Data extract START
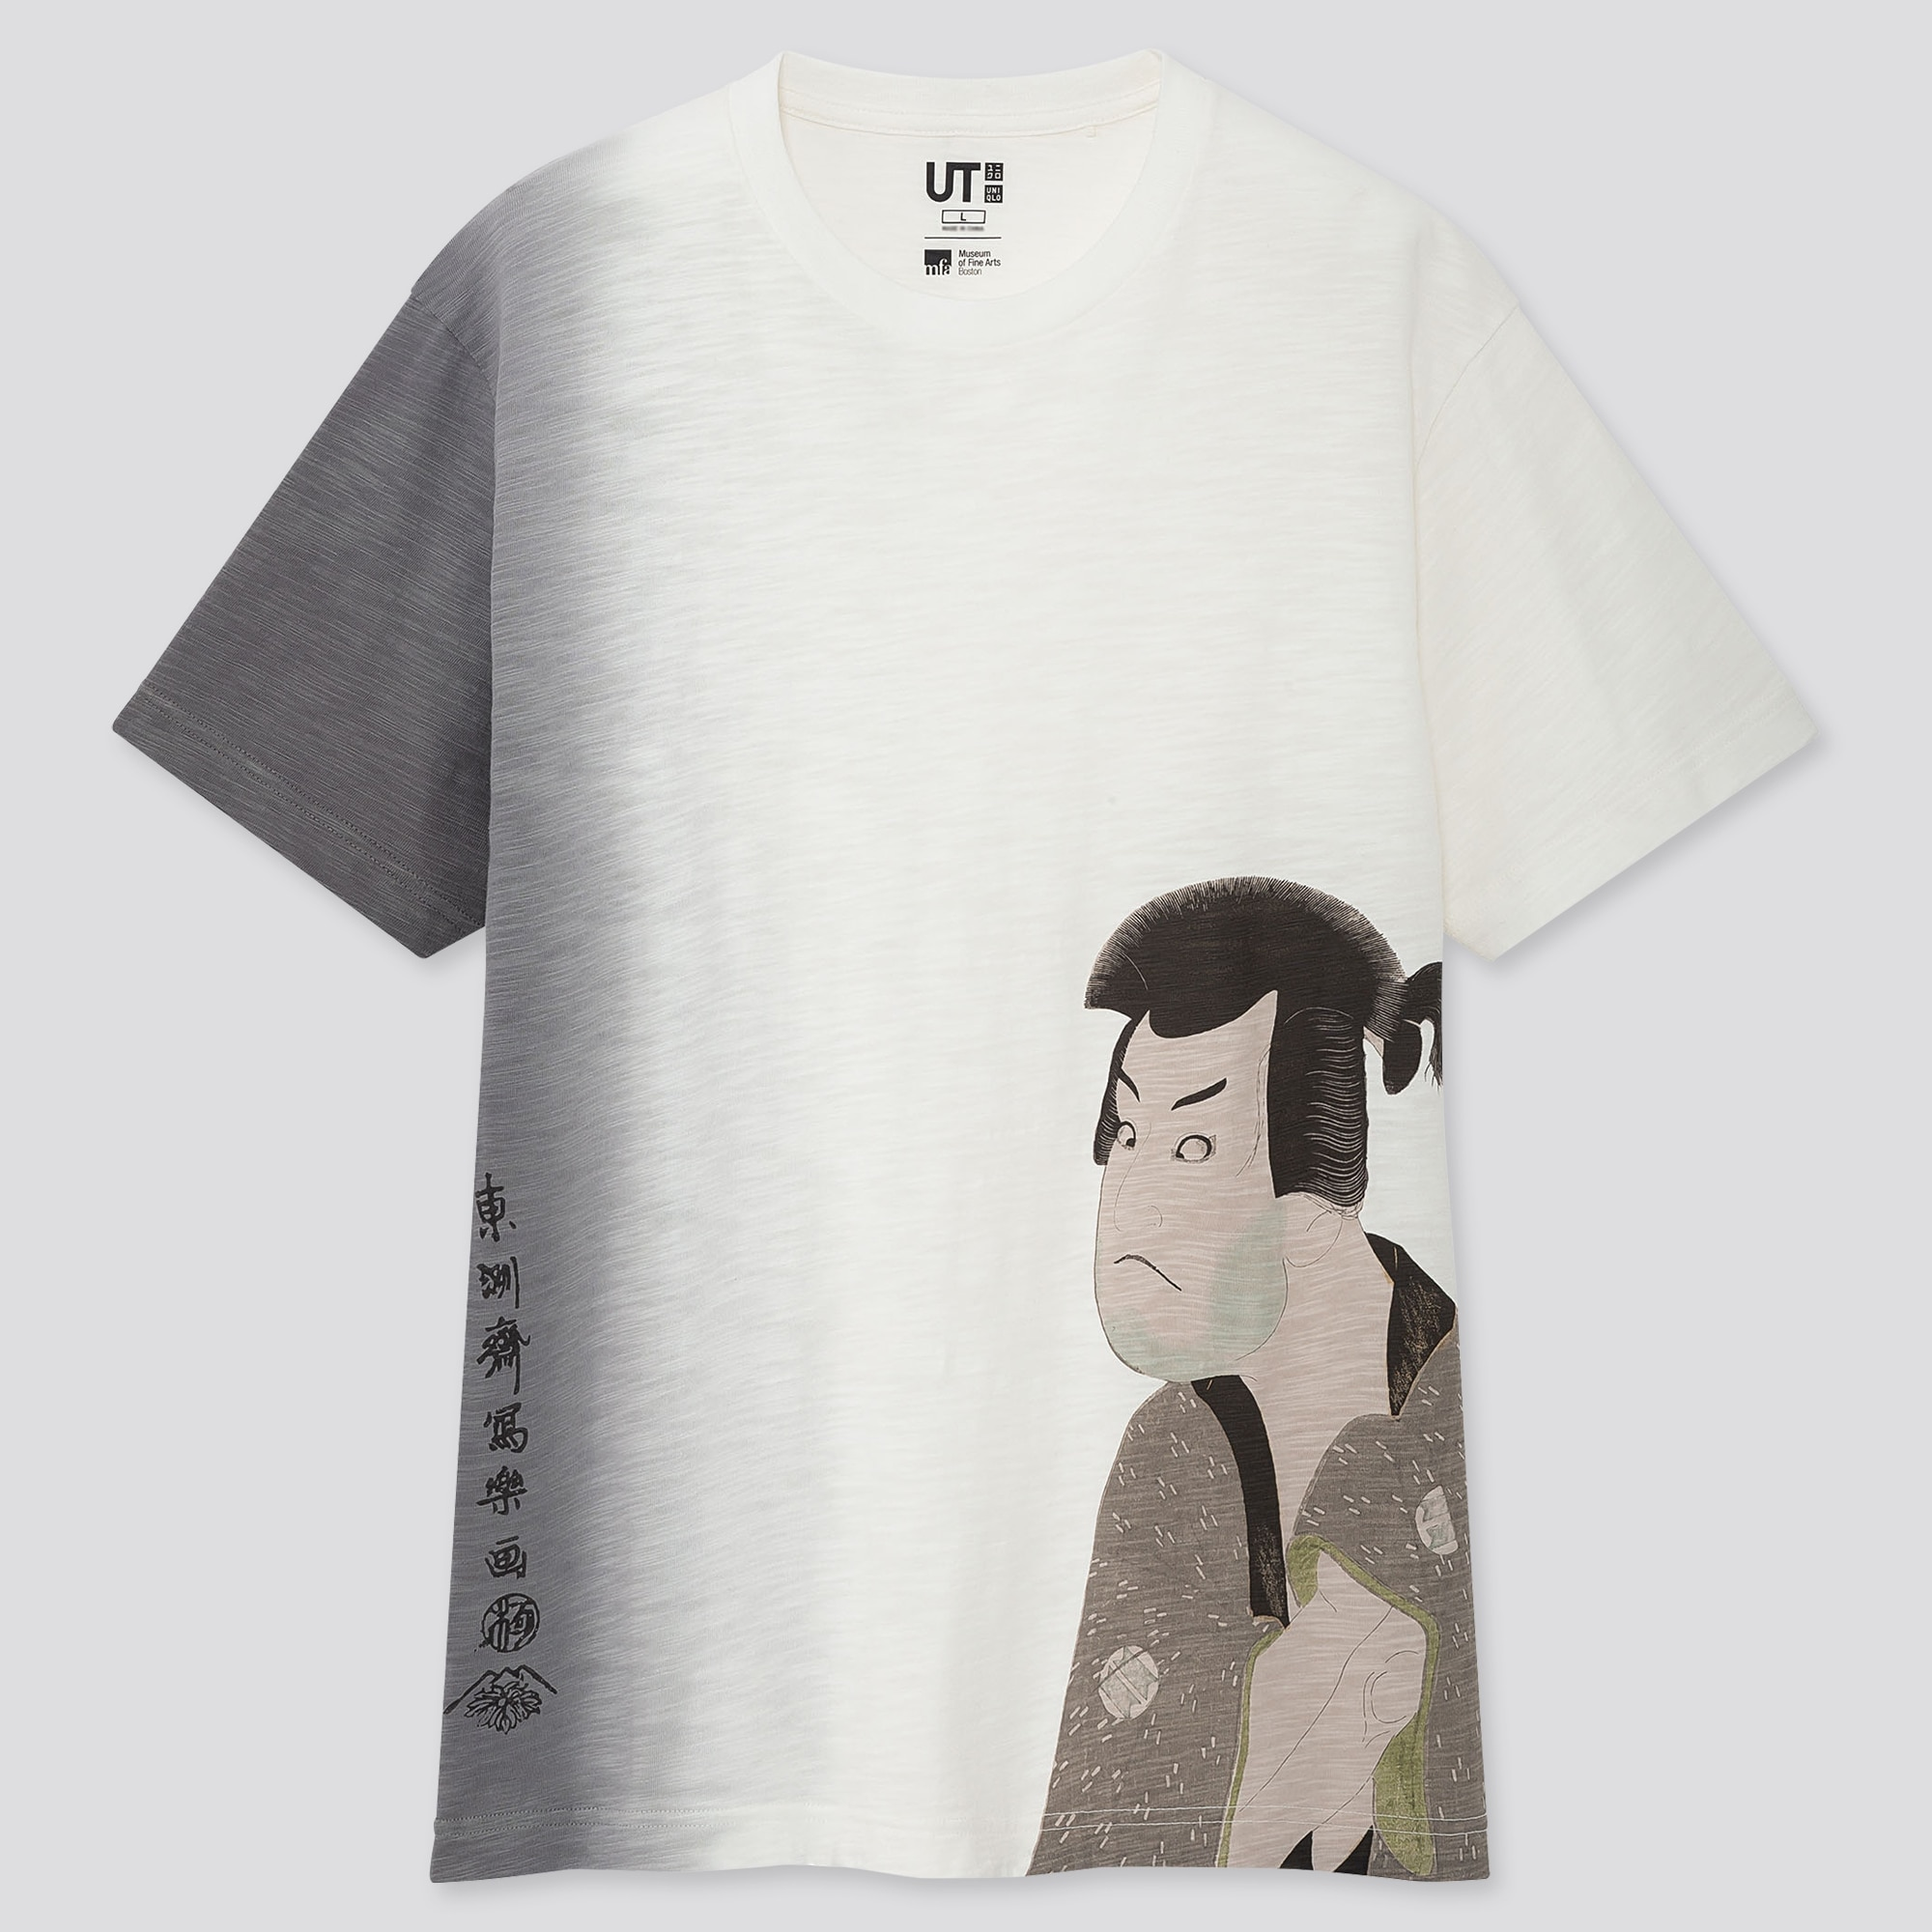 EDO UKIYO-E UT TOSHUSAI SHARAKU (SHORT-SLEEVE GRAPHIC T-SHIRT)
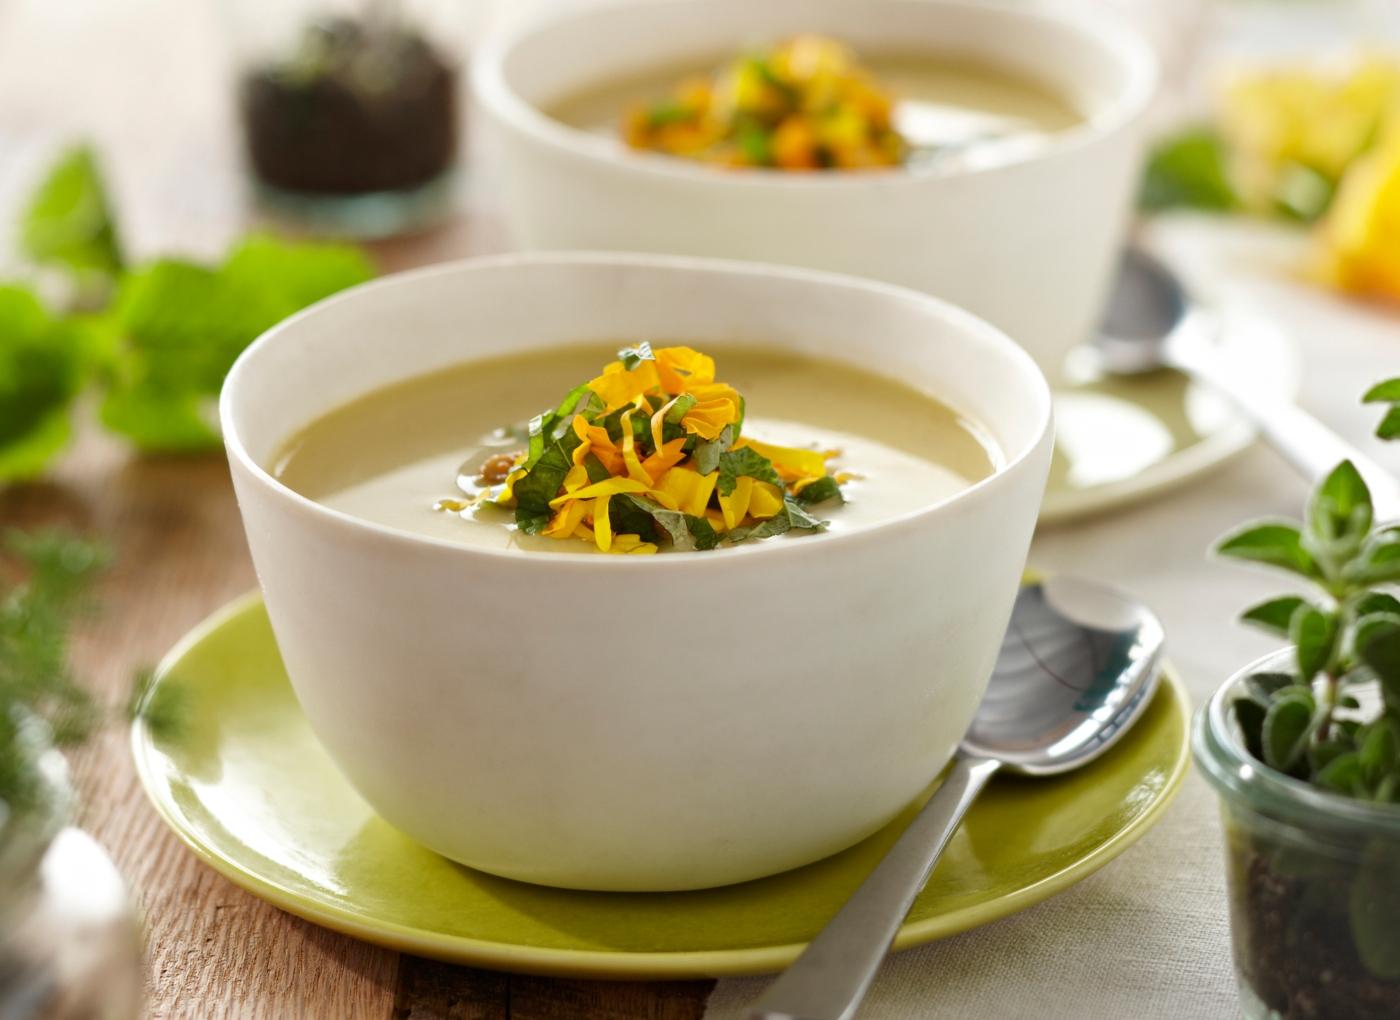 Quanto tempo aguenta a sopa no frigorífico: sopa de legumes
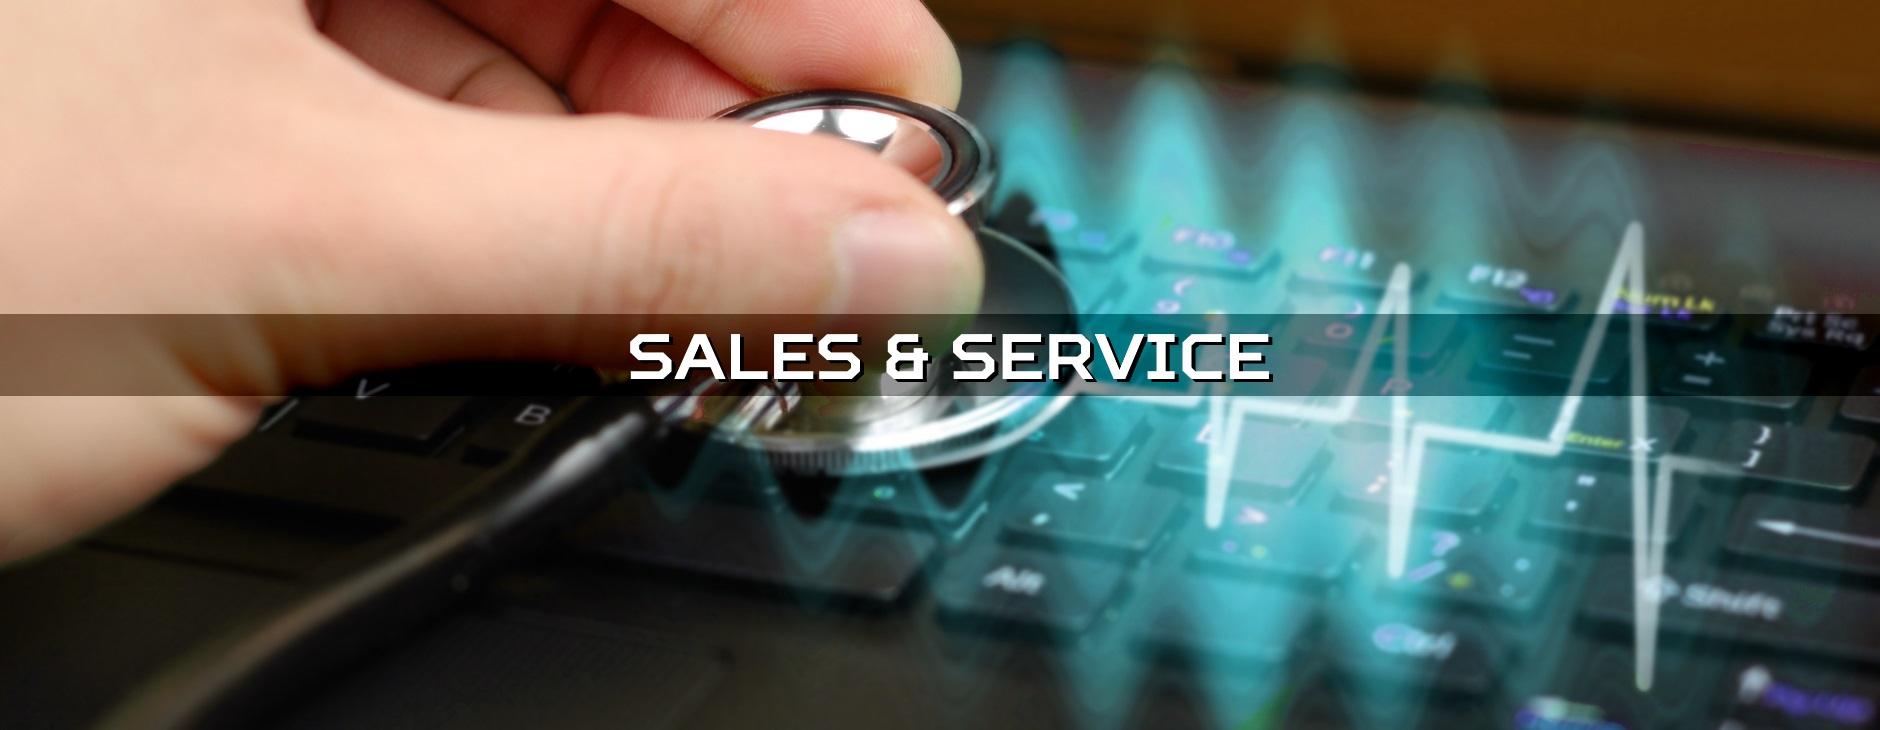 Sales-Service-4.jpg
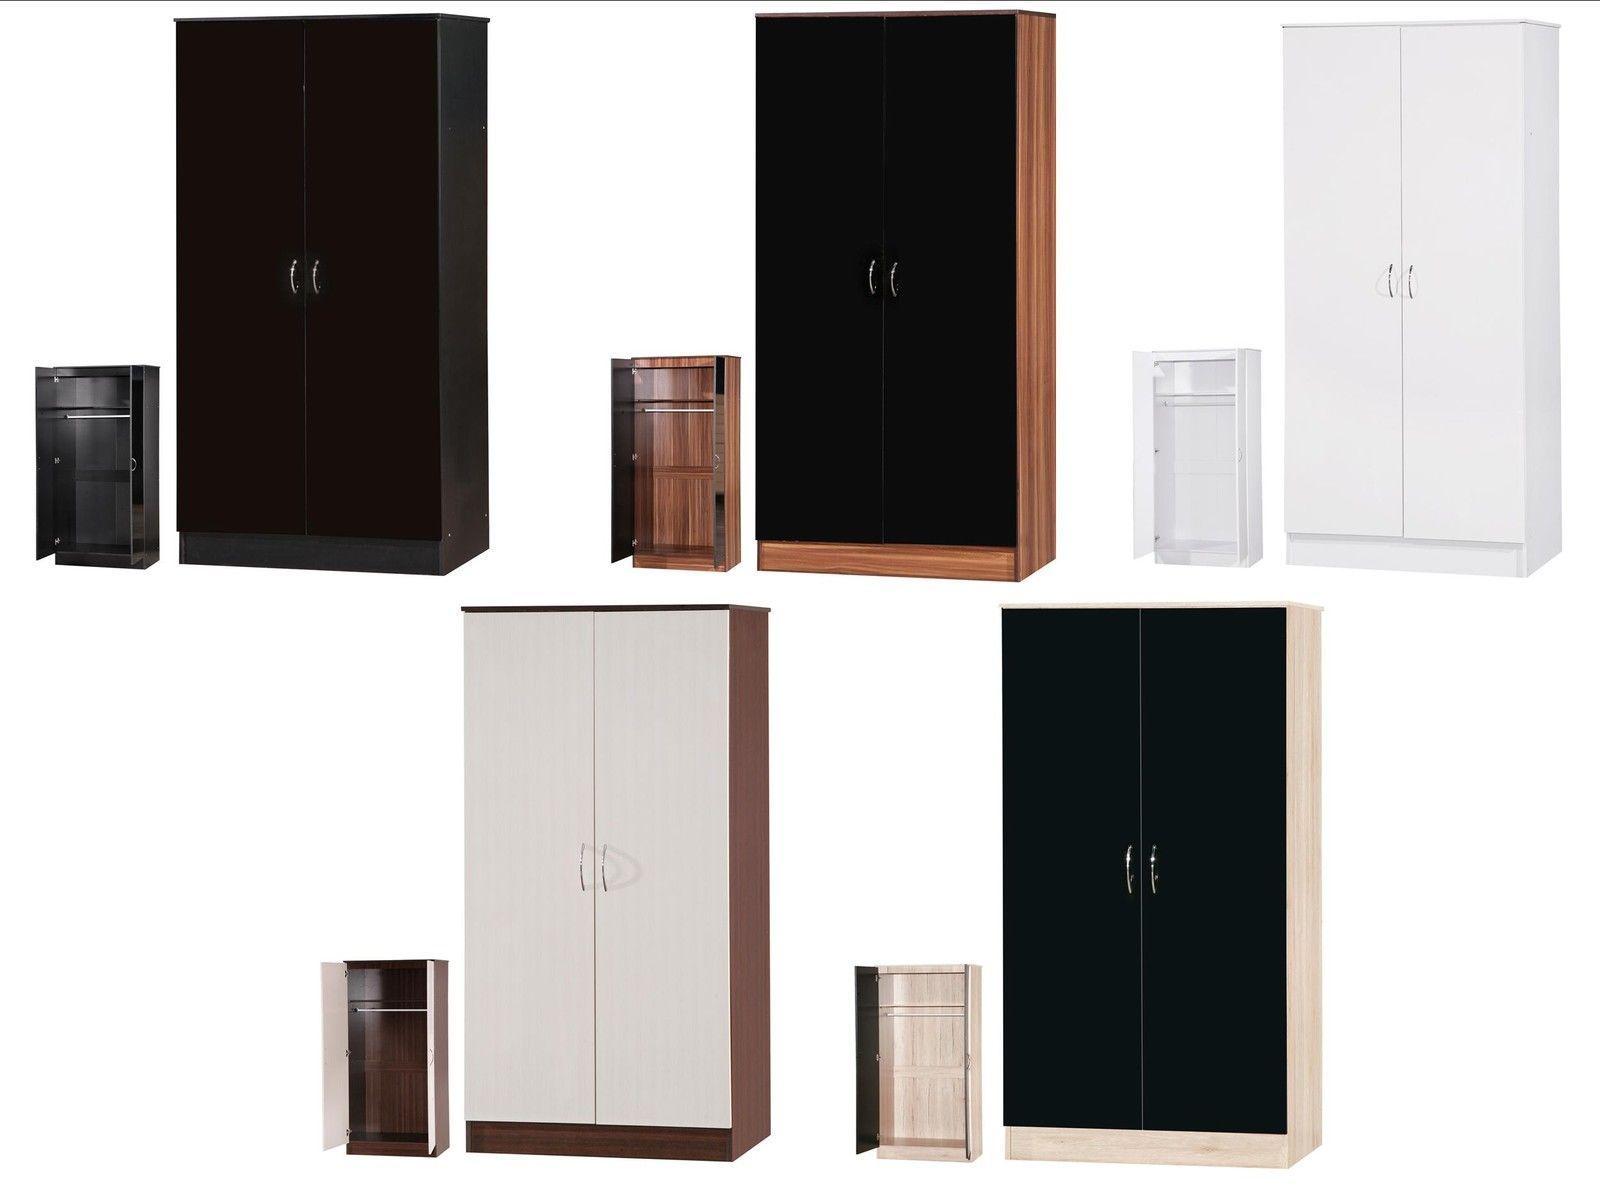 Alpha High Gloss Wardrobes 2 Or 3 Door Mirrored Or Sliding Bedroom Furniture Ebay
Data extract END
* Your objective
Write out all of the data above exactly, without any of its pictures.

* Response box
 EDO UKIYO-E UT TOSHUSAI SHARAKU (SHORT-SLEEVE GRAPHIC T-SHIRT)
 Quanto tempo aguenta a sopa no frigorífico: sopa de legumes
 Sales-Service-4.jpg
 Alpha High Gloss Wardrobes 2 Or 3 Door Mirrored Or Sliding Bedroom Furniture Ebay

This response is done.